--- Recorded information ---

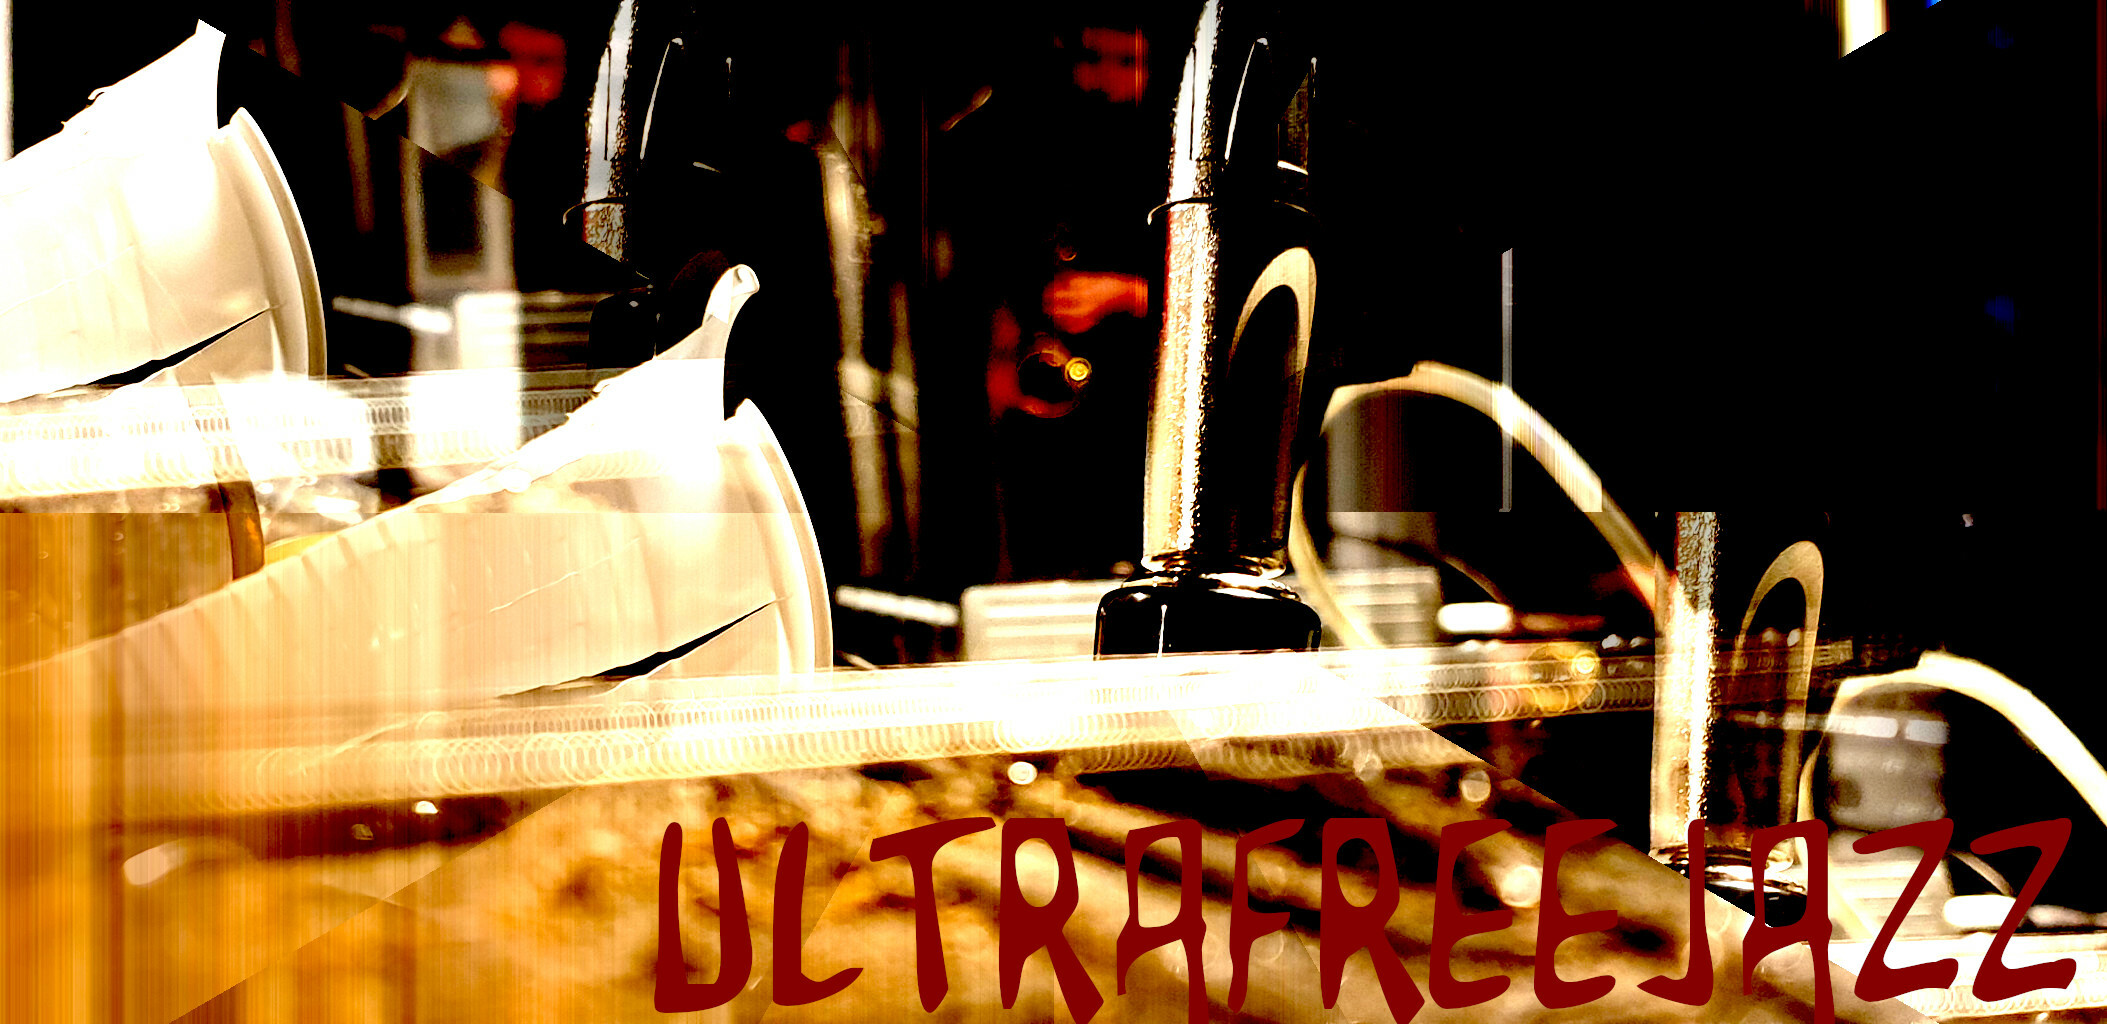 UltraFreeJazz Night #3
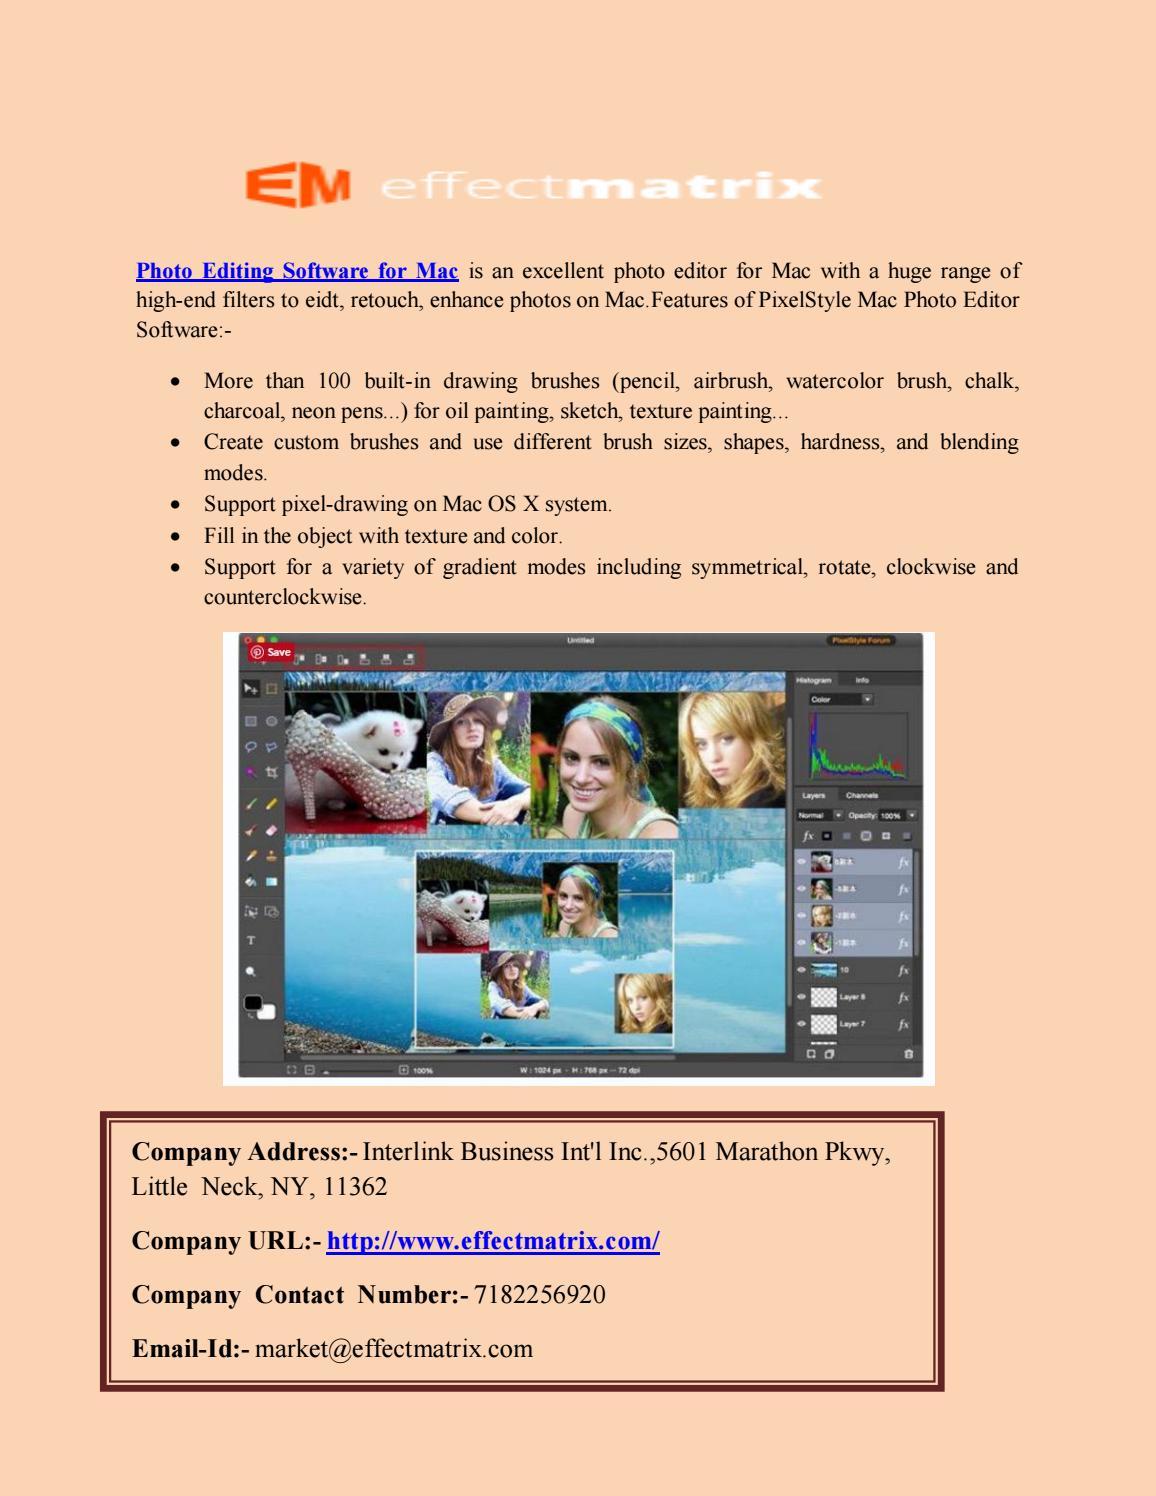 MAC Photo Editor – Photo Editing Software for Mac by leey kate - issuu
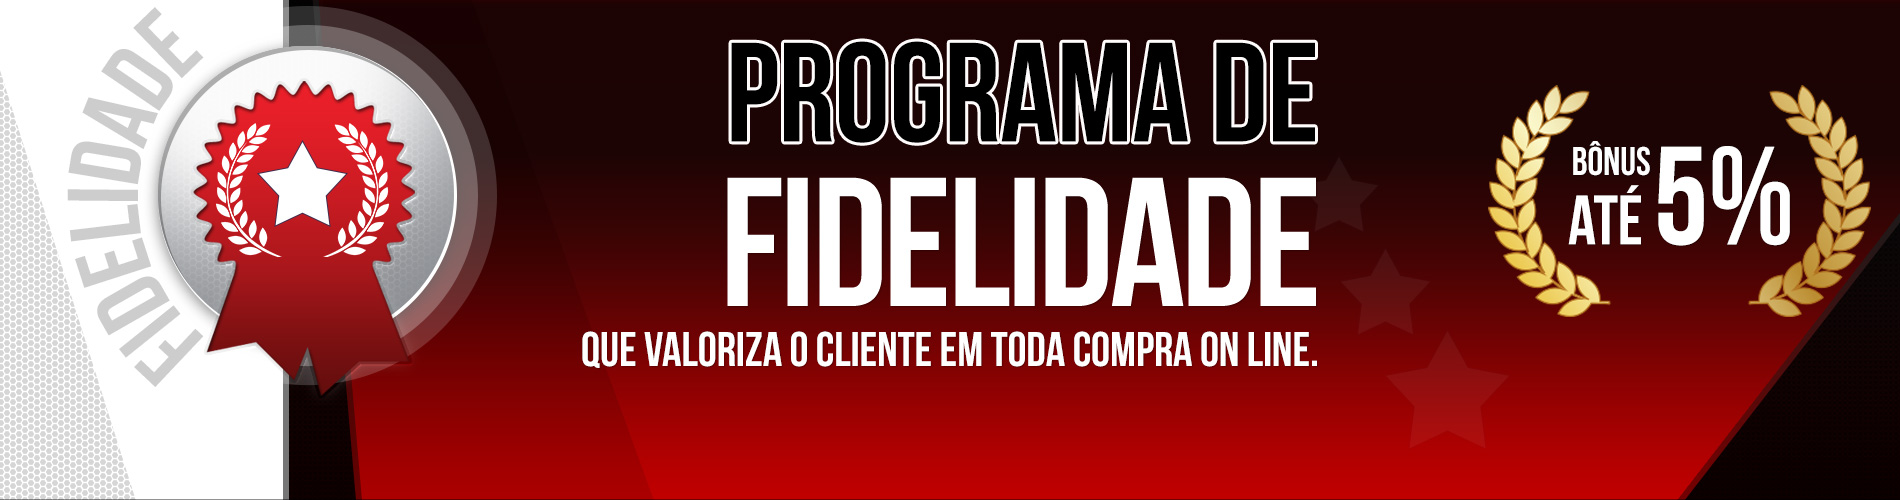 Programa Fidelidade
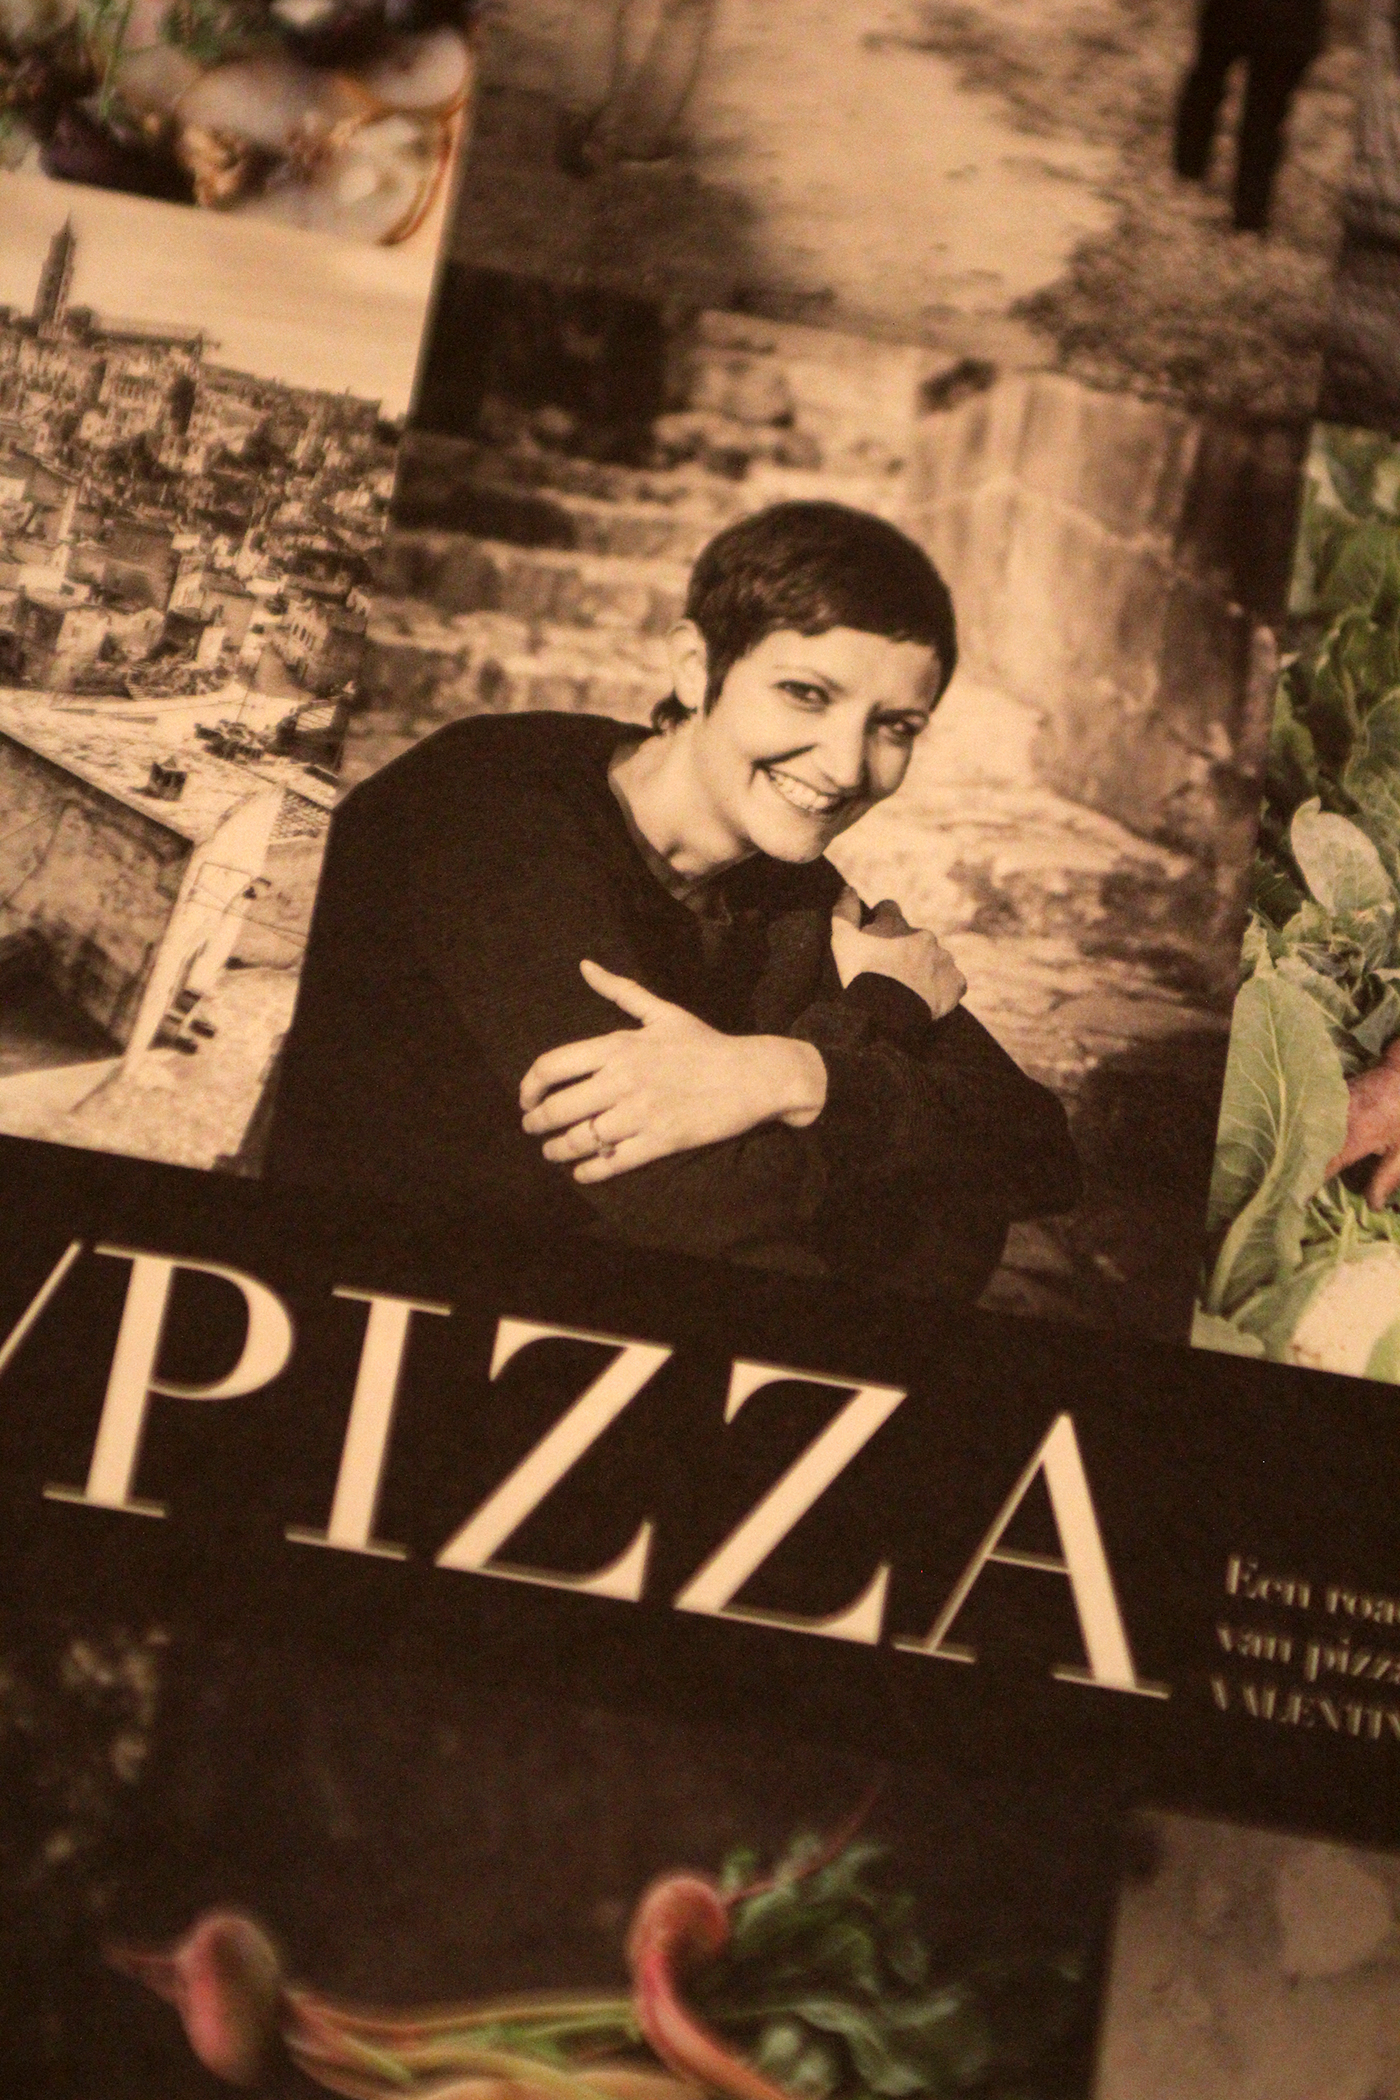 pizzaboek

---

Work order: Leaving the pictures aside, repeat the data above exactly.

Exercise result:
 UltraFreeJazz Night #3
 MAC Photo Editor – Photo Editing Software for Mac by leey kate - issuu
 Programa Fidelidade
 pizzaboek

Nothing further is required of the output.